Gordon Brown has broken his silence again. The former prime minister told the Edinburgh International Book Festival that the Scottish Parliament had ‘failed to deliver a fairer and more prosperous Scotland’ and had instead become a ‘battering ram for constitutional warfare’. What’s that, Lassie? Timmy’s trapped down the well? And creating a Scottish parliament to run almost all of Scotland’s affairs separately from the rest of the UK helped rather than hurt the campaign for independence? Jeepers.

The battering ram that Brown laments exists only because the party and government in which he played a somewhat senior role insisted on fashioning it.

At the time of the Scottish devolution referendum in 1997, they were warned that setting up a rival parliament to Westminster would begin the unravelling of the Union. Scottish Labour did what it always did: pummelled the dissenters and pressed on regardless. After all, as George Robertson famously declared, devolution was going to ‘kill nationalism stone dead’. In the event, after just two terms of Labour-led governance, the SNP eked their way into power, where they remain after 12 years of marching through almost every institution in sight.
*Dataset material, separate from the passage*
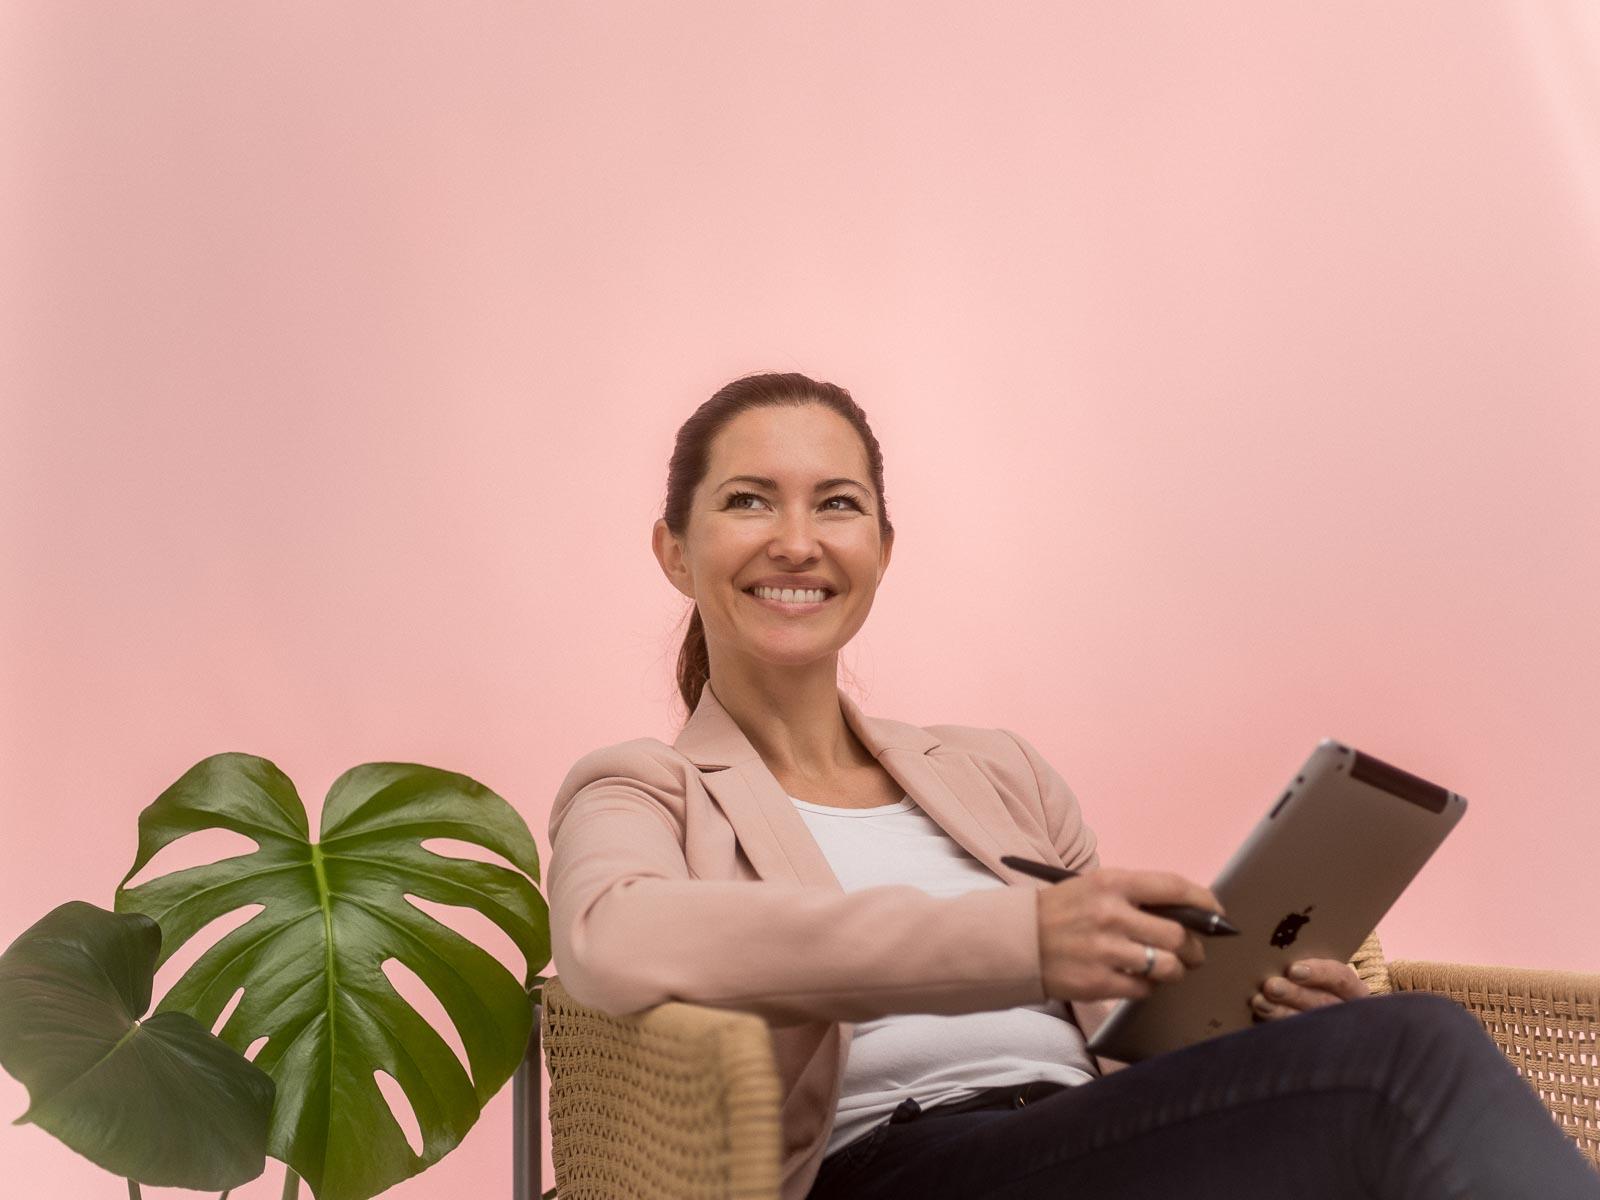 Portrett av kvinne som søker etter domene på ipad

The party they replaced has become irrelevant and faces oblivion. 

Labour is now beginning to see that devolution was a trap, one of its own devising. It’s only taken them 20 years. They’re like someone who only figures out the killer in Midsomer Murders halfway through News at Ten.

There is more joy in Heaven over one devolutionist who repenteth but Brown doesn’t sound at all penitent. In fact, he’s champing at the bit to replicate the devolution success story south of the border through federalism. Federalism is the Michael Myers of constitutional politics: no matter how many times you think you’ve killed it, it always comes back. 

Brown says we must ‘find new ways for Scotland and England to live side by side’, as though he played no part in trashing the way that had served us well enough for more than three centuries.

Federalism may excite Brown and others so-minded. It certainly excites academics, those curators of ideas too perfect to be spoiled by exposure to the public. There is, however, no popular appetite for it. And besides, if a devolution settlement that exists by the will of Parliament can cause this much political disruption, what is the likely impact of enshrining such a set-up in a new codified constitution? 

Labour’s answer to its hatchet job on the Union is to give it a few more swings then try to piece all the parts back together again. It will not hold; the damage is done.

Labour was warned but would not listen and handed the SNP not only a battering ram for independence but a club with which to beat Labour to pulp. The SNP may be hapless in power but the reason they are in power at all is down to Labour’s arrogant designs. Before he next breaks his silence to share with us his constitutional ruminations, Brown might reflect that he and his party have done enough already.